Finding Nemo: The Power of Probabilistic Method

Barna Saha, AT&T Research
Host: Rao Kosaraju

How, as computer scientists, can we help Marlin find Nemo in a very short time? The answer may lie in the Probabilistic Method. Pioneered by Paul Erdös more than seven decades back, the Probabilistic Method has provided a number of widely used tools in Combinatorics. However, many of these tools are non-constructive: while they show the existence of certain combinatorial structures, they do not tell us how to find them. One such powerful technique is László Lovász’s famous Local Lemma (LLL). LLL has diverse range of applications that include breakthroughs in packet-routing, a variety of theorems in graph-coloring, and a host of other surprising applications where probability appears to have no role. While the original LLL was nonconstructive, there has been a series of works trying to devise algorithmic versions of LLL. In the first half of my talk, I will describe our work in this regime which covers many compelling applications that were out of reach by previous methods. Using our technique, we resolve a fascinating open question in the area of resource allocation and scheduling while giving the first Monte-Carlo approximation algorithms for a large variety of combinatorial problems.
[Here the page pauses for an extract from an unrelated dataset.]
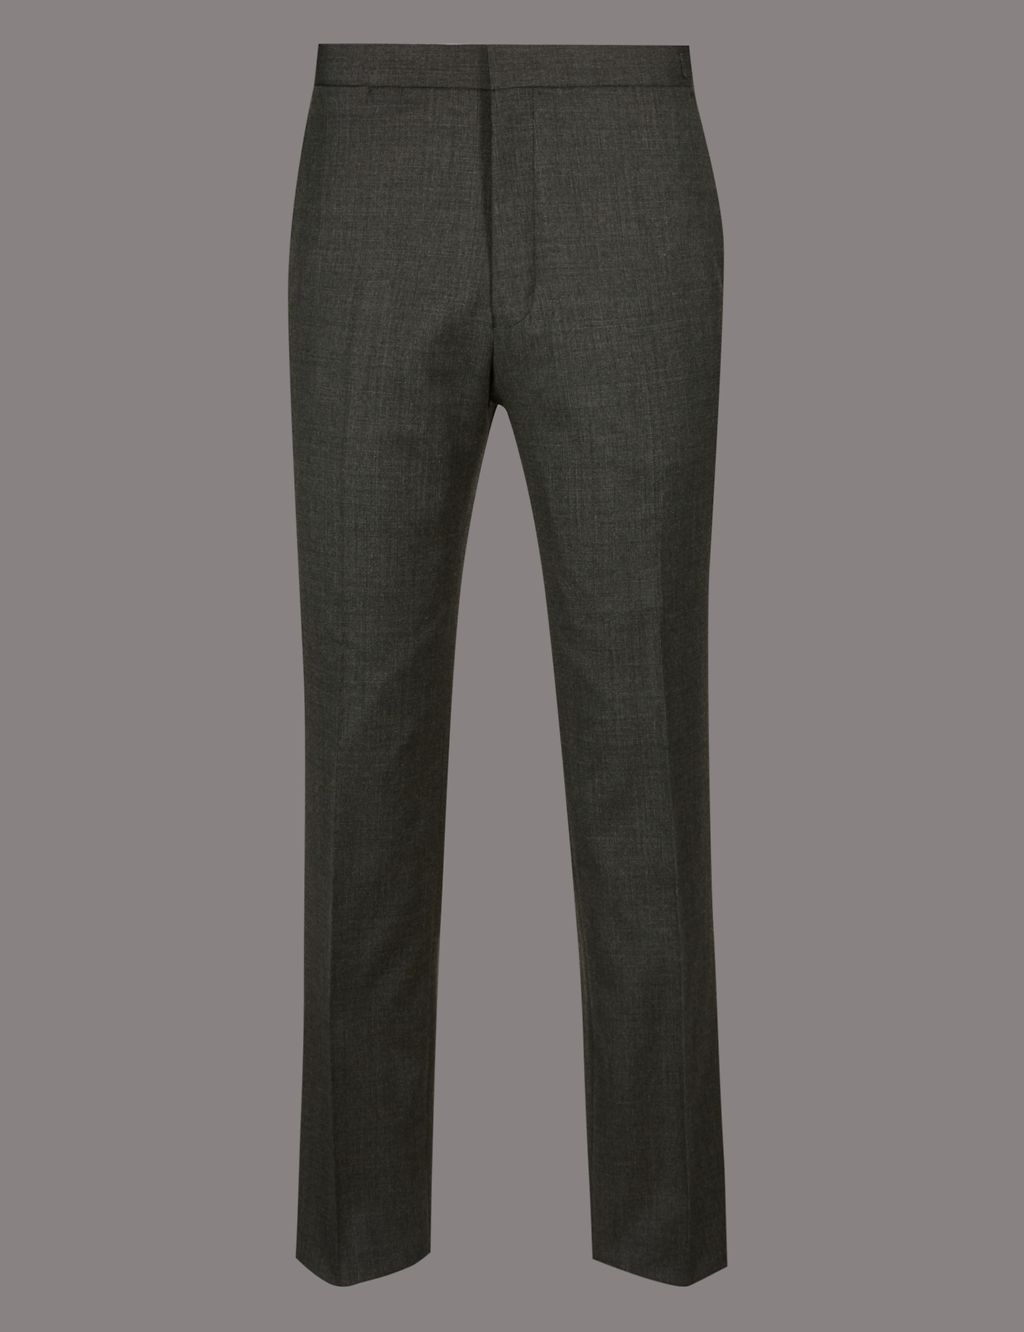 Charcoal Tailored Fit Italian Wool Trousers 1 of 5

Probability comes as a surprising element in many of the above problems, however, there are applications where probability is inherent in the data. Applications such as information retrieval, data integration and cleaning, text analytics, social network analysis etc. deal with voluminous amount of uncertain data. Probability theory can play a critical role in designing scalable algorithms under such uncertainty. In the second part of my presentation, I will talk about a basic problem of ranking and how using probabilistic generating function idea, we can give a unified approach to finding top-k results over probabilistic databases.

Speaker Biography

Barna Saha is a Senior Member of Research at the AT&T Shannon Laboratories. She obtained her Ph.D. in Computer Science from University of Maryland College Park in 2011. Her Research interest spans the areas of theoretical computer science and database management system, such as design and analysis of algorithms, probabilistic methods, graph theory and big data analysis. She is the co-winner of the best paper award in VLDB 2009, one of the premier conferences in databases, for her work on probabilistic ranking algorithms. She is also the recipient of Deans Fellowship Award, University of Maryland, 2010, for her dissertation research.